Let's Talk About Sandboxes
13 min read

Starting around late 2025, people in the infra community began talking about sandbox technology. The general idea goes like this: in the age of agents, every agent should have its own computer, just like a person does. That computer is the sandbox.
If you're not familiar with sandbox technology, you can think of it simply as a virtual machine. Funny enough, nearly 15 years ago when I was interning at EMC, I was working on something closely related to today's sandboxes - Xen. Over the last two decades, we built sandboxes for humans. Now, we're building sandboxes for AI. That feels pretty surreal. But if virtualization has been around for decades, why is everyone suddenly revisiting what seems like an extremely mature technology? Well, because the requirements are completely different now.

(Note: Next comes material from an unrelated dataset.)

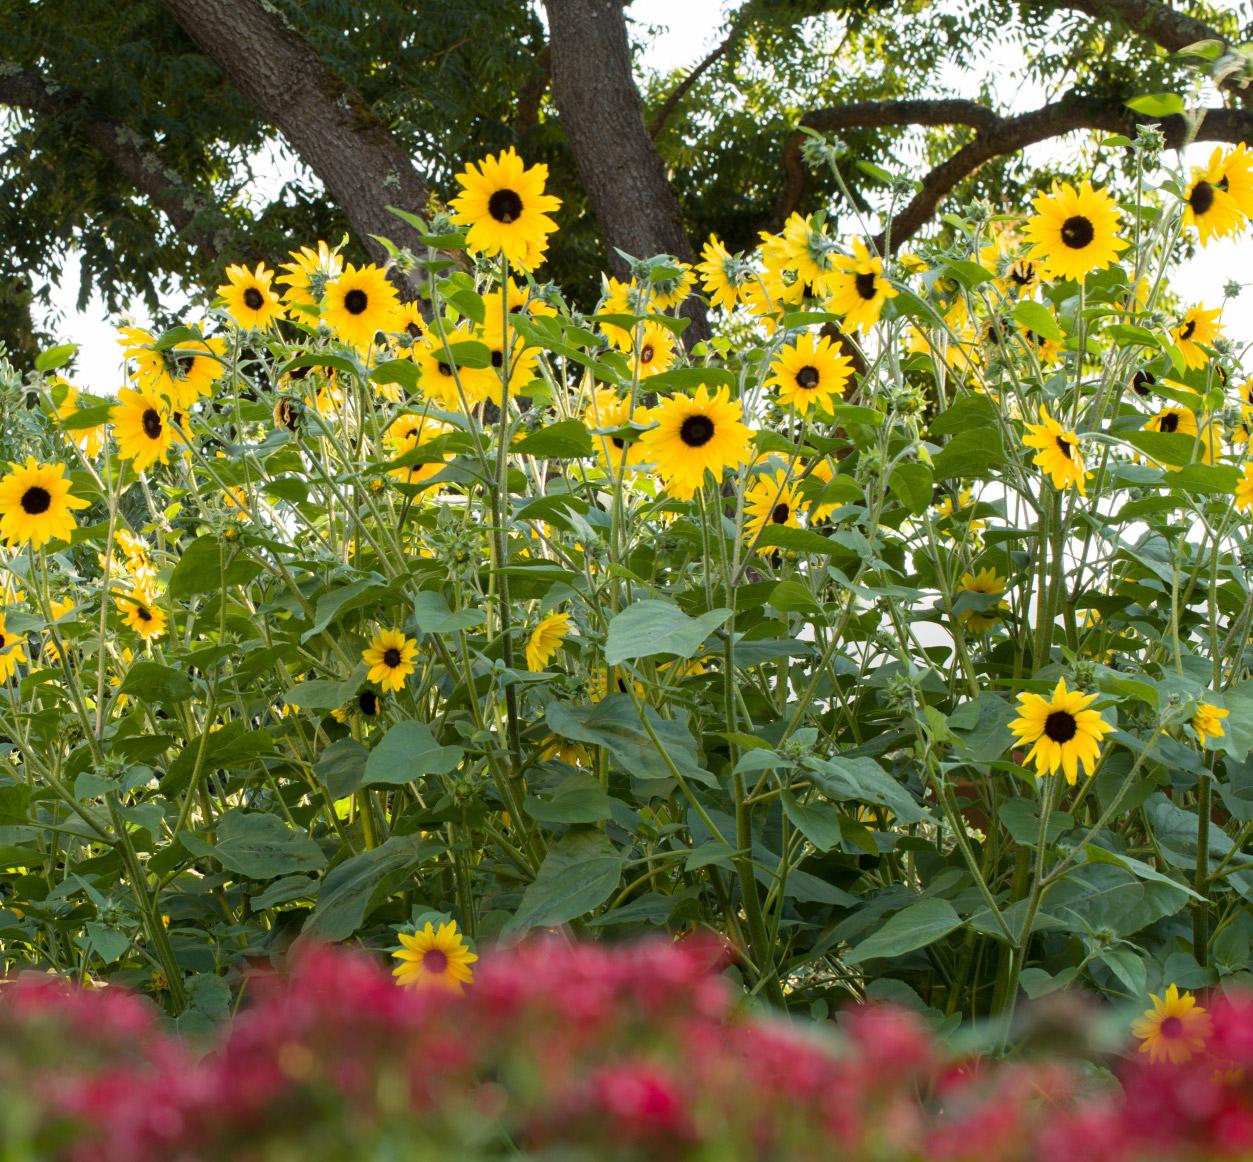 "'Sunfinity"" Sunflower"

In this post, we'll start from real-world sandbox use cases, explore the underlying technology, and discuss what the future of sandboxes looks like.
Starting with Manus
One of the biggest stories in AI in 2025 was Meta's acquisition of AI startup Manus for over $2 billion. The name Manus comes from the Latin motto "Mens et Manus" — "mind and hand" — embodying the belief that knowledge must be put into action to make an impact. From 2022 to 2024, everyone was using ChatGPT to chat. Manus showed the world that AI can do more than just provide information — it can actually get things done. Once AI can do work, it's no longer just a chatbot. It's an agent. So here's the question: what does an agent have to do with a sandbox? Can't the agent just use the user's computer or a regular server?
Let's take Manus as an example. Manus built its agents in the cloud. Suppose Manus is serving 1,000 concurrent users (in reality, far more!). Each user's request spawns an agent, meaning 1,000 agents need to run simultaneously. Now imagine all 1,000 agents on a single server. What happens? Each agent wants to install its own packages, configure its own environment, have its own filesystem, and claim its own CPU resources. So what do you do? Obviously, each agent needs its own office to work in. That office is the sandbox.

Under the hood, Manus used microVM-based sandbox technology to solve exactly this problem. Each agent runs in an isolated sandbox with its own browser, terminal, and filesystem, capable of running Python, JavaScript, Bash, and more in isolation. By the time of its acquisition, Manus had created over 80 million virtual computers — each one a standalone sandbox.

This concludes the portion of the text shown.